5.2 Exclusion Criteria
Subjects are excluded from the study if any of the following criteria apply:
1. Pregnant, planning to be pregnant or breast feeding.
2. Medical conditions, including autoimmune, requiring systemic immunosuppression. Any systemic treatment for these conditions (eg, glucocorticoids) is not allowed within 4 weeks of Screening and during the study. All Lupus Erythematosus are excluded irrespective of treatment.
3. Metastatic TGCT.
4. TGCT currently affecting multiple joints.
5. Previous use of systemic therapy (investigational or approved) targeting CSF 1 or CSF 1R within 3 months of Screening.
6. Nilotinib, imatinib, other chemotherapy, radiotherapy, or investigational therapy within 4 weeks of Screening.
7. Clinically significant toxicity from a previous treatment not resolved to Grade 1or less.
8. Current or chronic history of liver disease. This includes, but is not limited to, hepatitis virus infections, drug- or alcohol-related liver disease, non-alcoholic steatohepatitis, autoimmune hepatitis, haemochromatosis, Wilson’s disease, α-1 antitrypsin deficiency, primary biliary cholangitis, primary sclerosing cholangitis, or any other liver disease which in the opinion of the Investigator is considered clinically significant.
9. Renal function: creatinine clearance <60 mL/min (Cockcroft-Gault formula).
10. Liver function: ALT and / or AST >3.0 × ULN; OR total bilirubin >1.5 × ULN.
11. Within 6 months of baseline has experienced: clinically significant myocardial infarction, severe/unstable angina pectoris, congestive heart failure New York Heart Association (NYHA) Class III or IV, or pulmonary disease (NYHA Criteria 1994).

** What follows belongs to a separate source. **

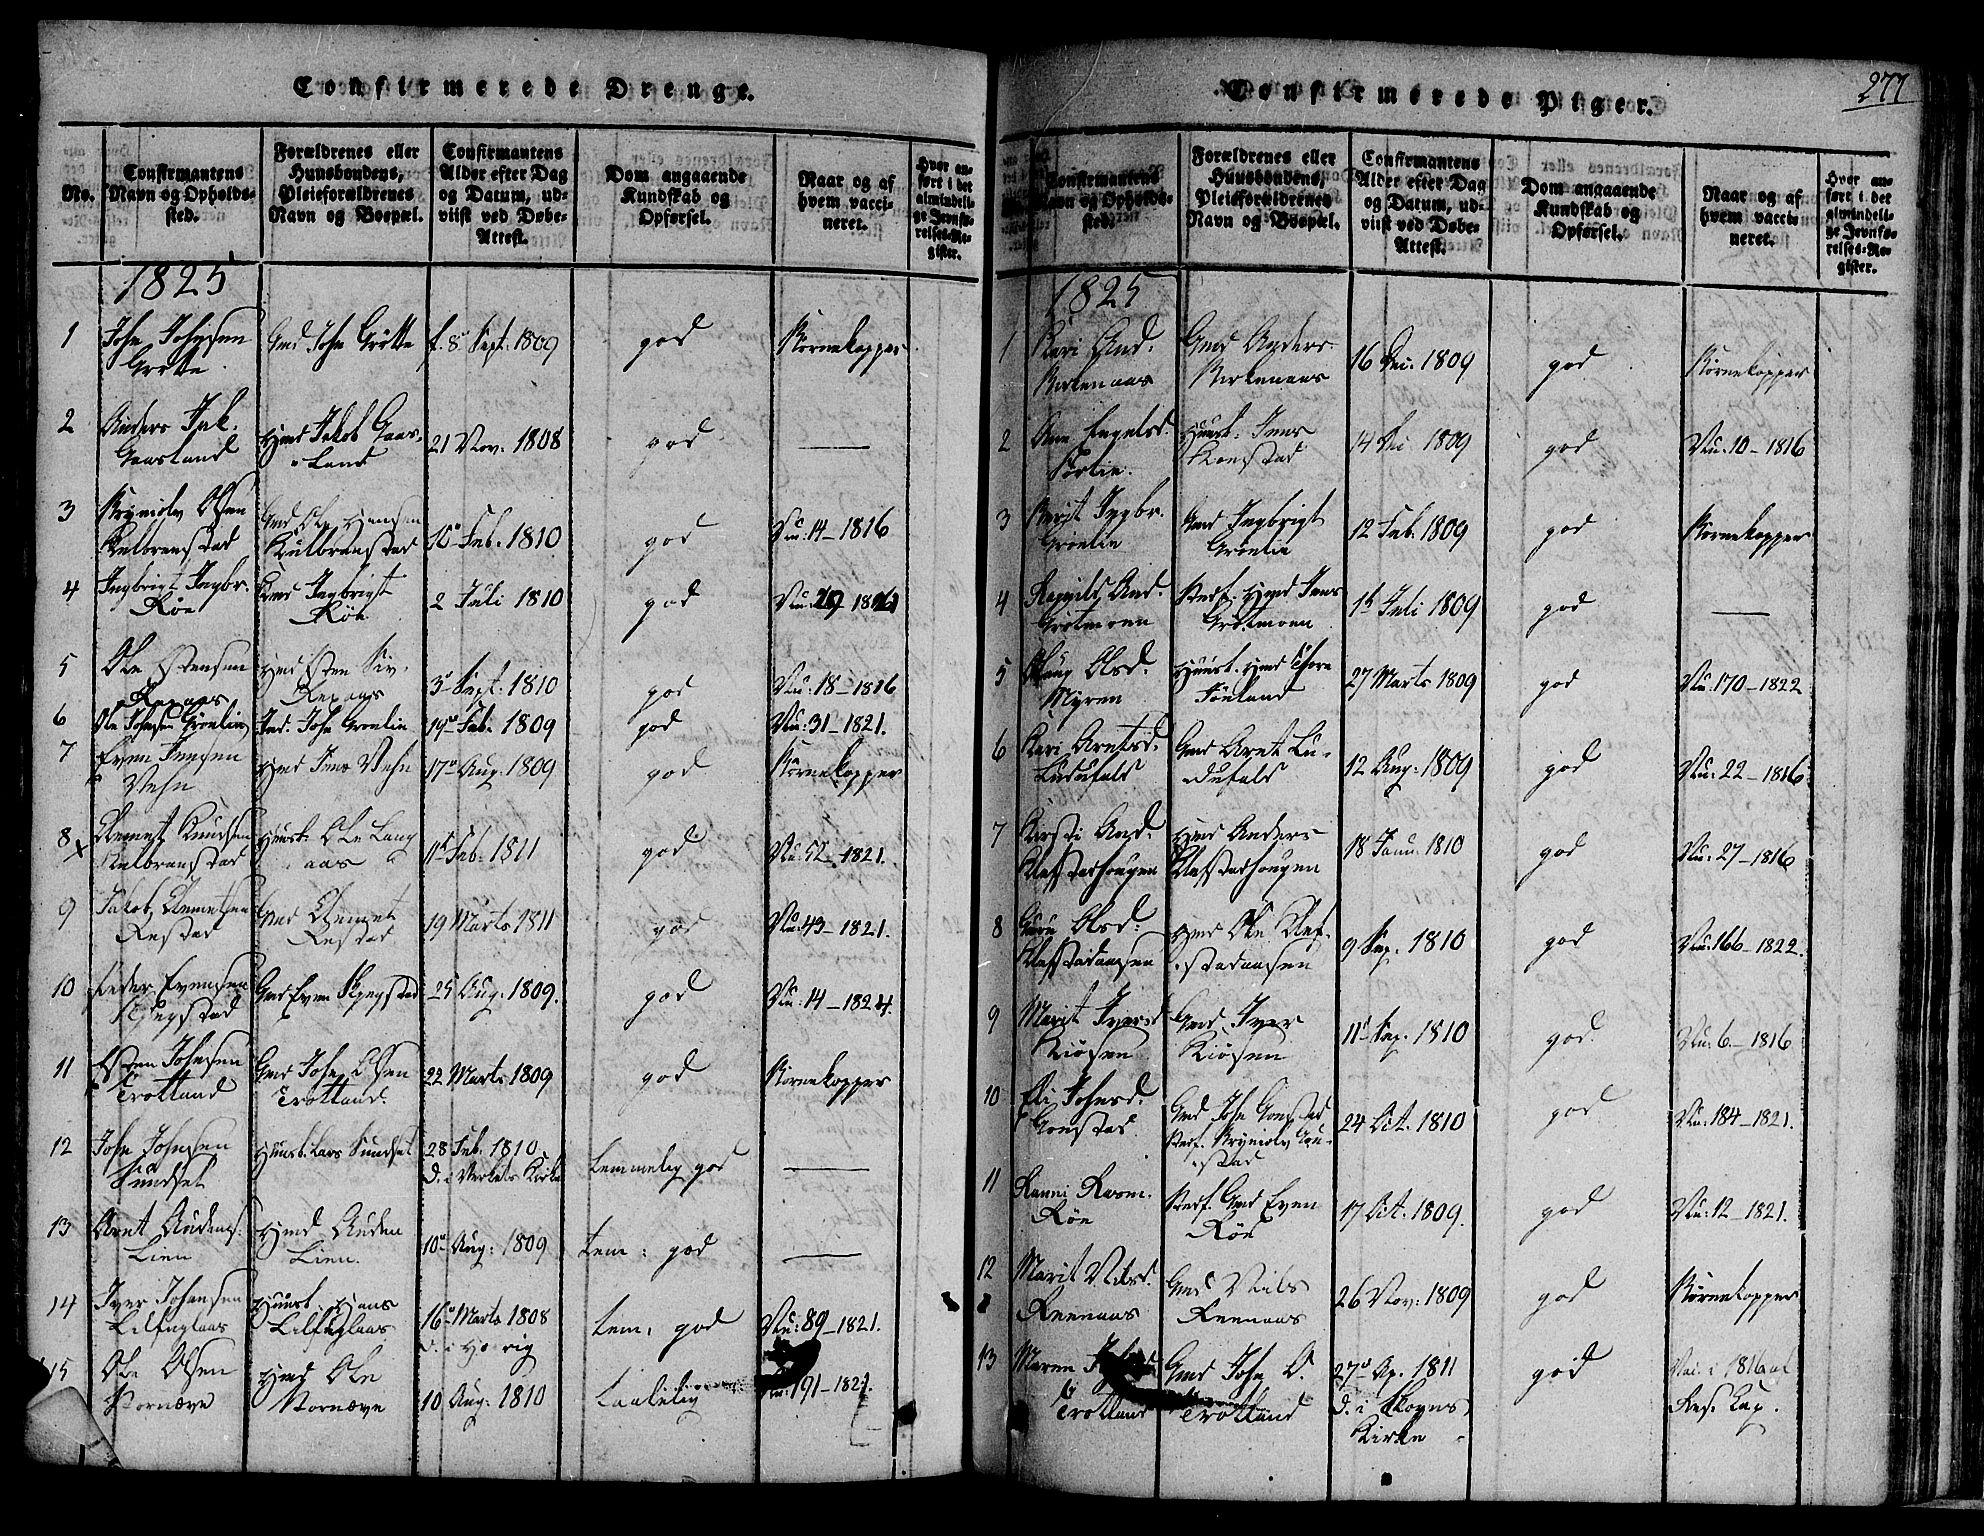 SAT, Ministerialprotokoller, klokkerbøker og fødselsregistre - Sør-Trøndelag, 691/L1068: Ministerialbok nr. 691A03 /4, 1816-1826, s. 277

12. Clinically significant active infection requiring systemic antibiotic treatment. Rescreening may occur any time after 7 days post-completion of treatment.
13. Systemic antiretroviral therapy within 3 months of baseline.

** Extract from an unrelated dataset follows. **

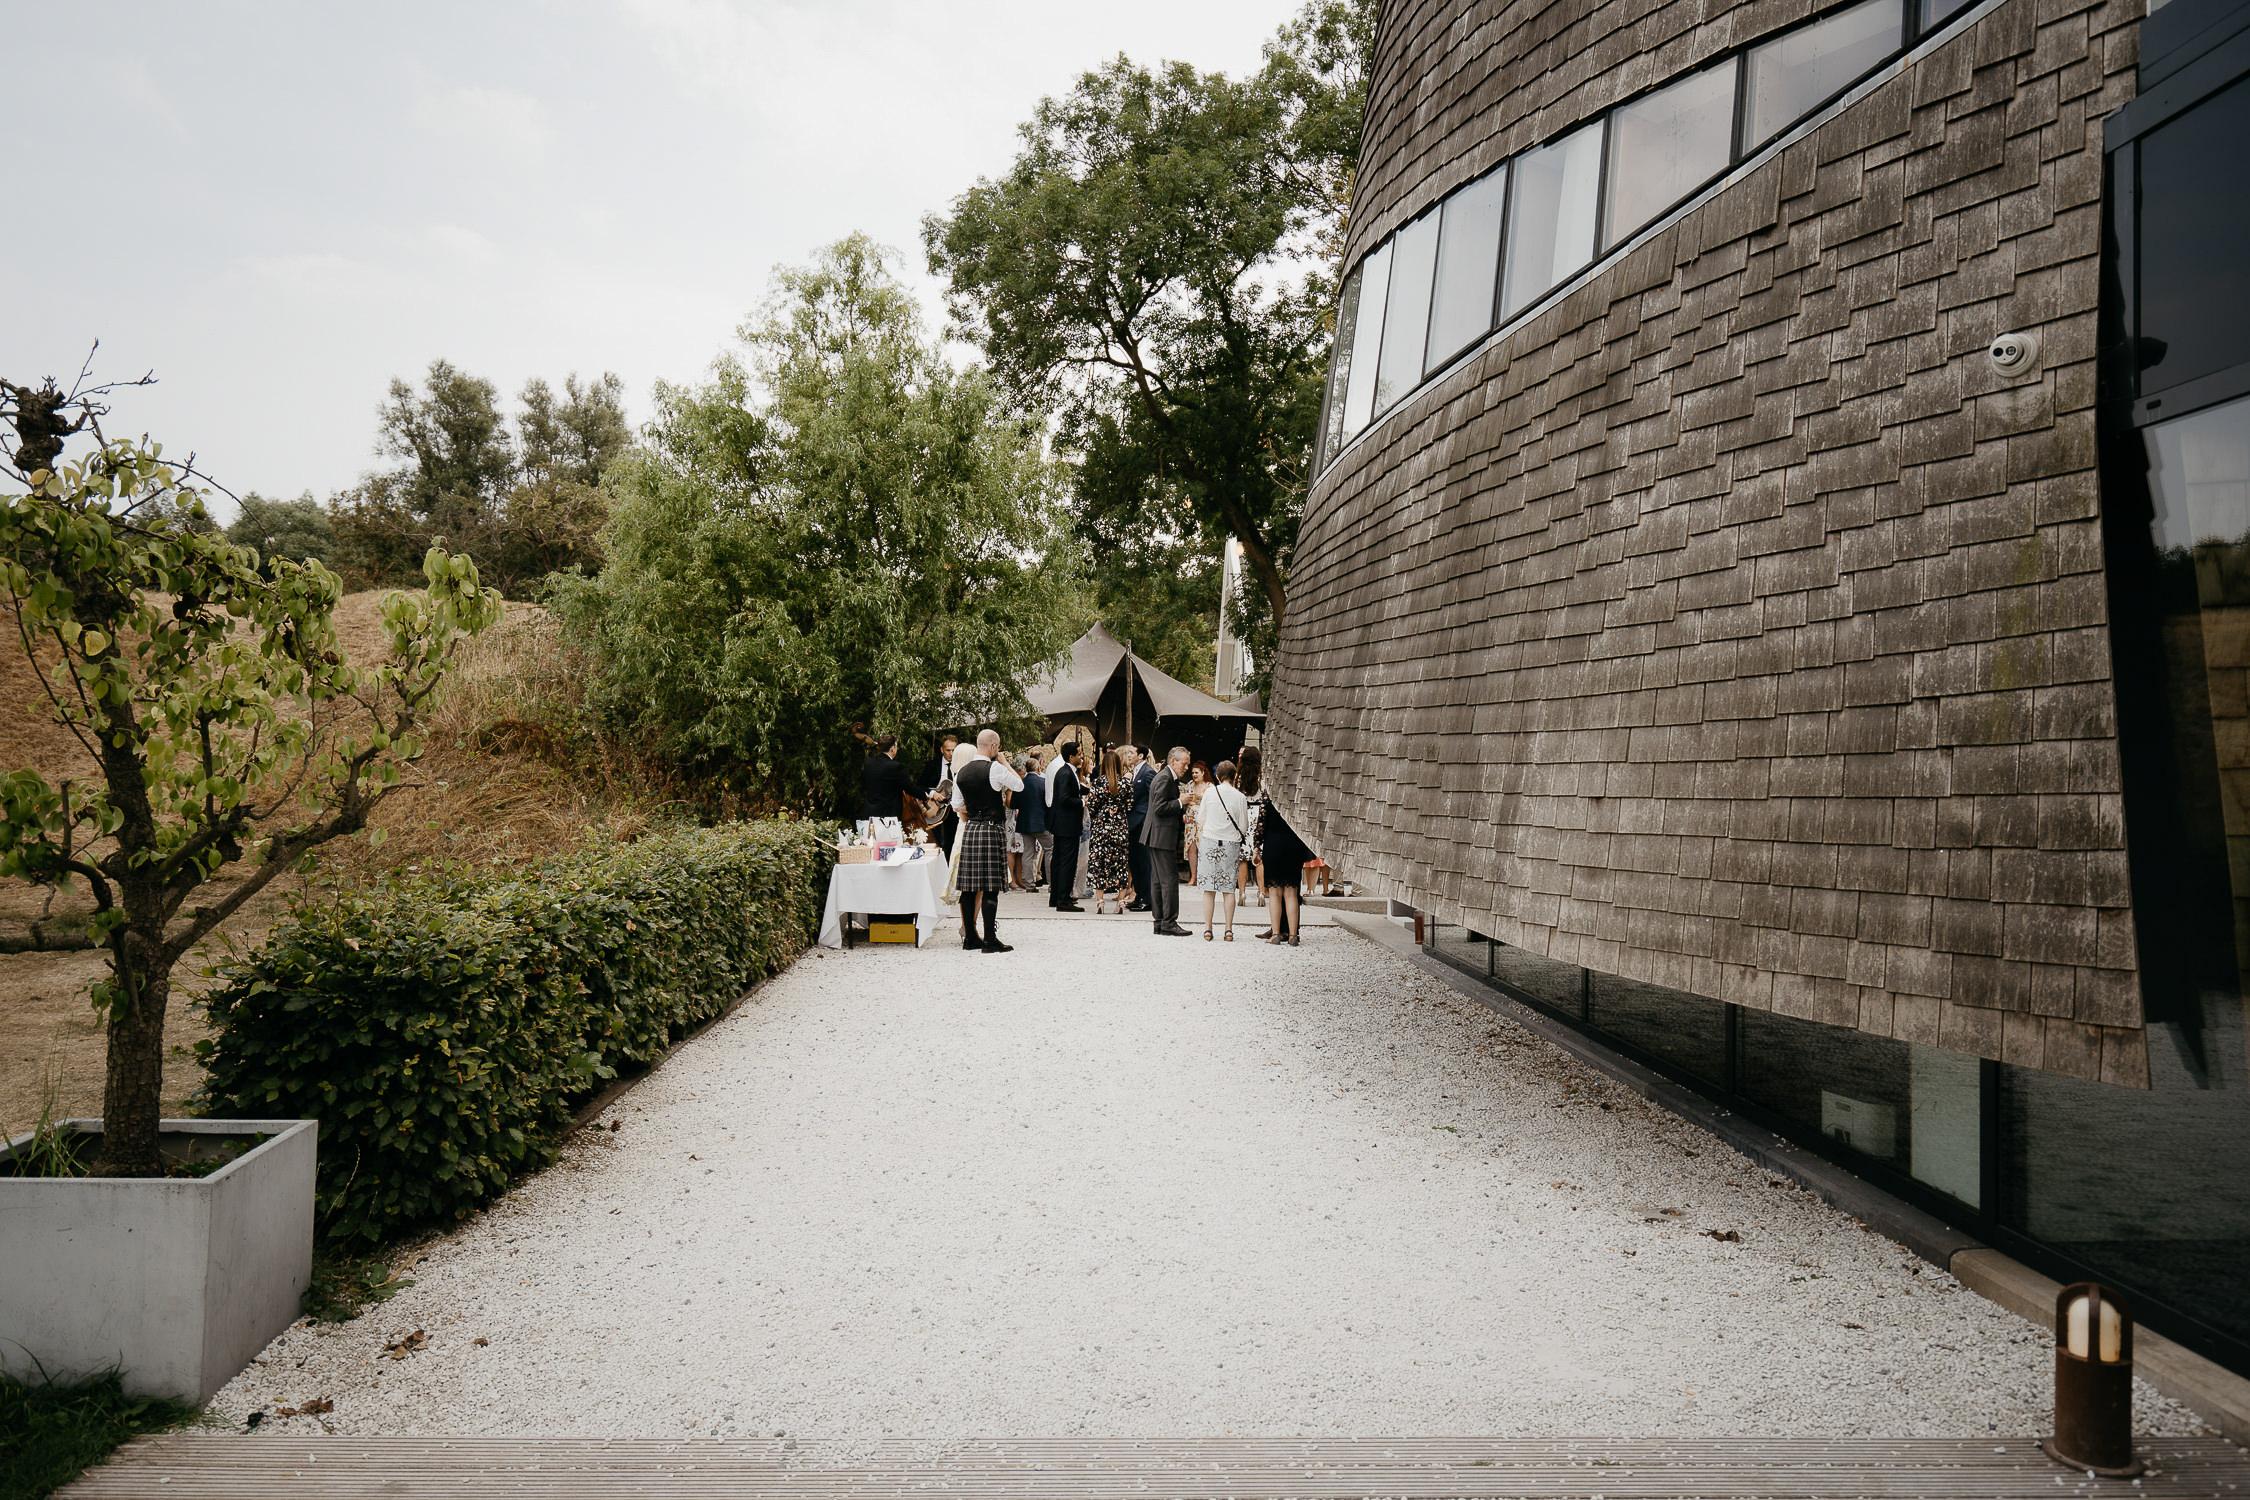 mooie bruiloft locatie  in Nederland fotografie door Mark hadden

14. Other active cancer that requires concurrent or planned treatment or history of malignancy other than TGCT, unless there is the expectation that the malignancy has been cured, and tumour specific treatment for the malignancy has not been administered within the previous 5 years.
15. Planned surgery during the course of the study with the exception of dental treatment.
16. Inability to comply with the study procedures.
17. For the Double-Blind Phase ONLY:
Previous exposure to emactuzumab and/or neutralising antibodies.
18. Known allergy/hypersensitivity to the active ingredients or to the excipients.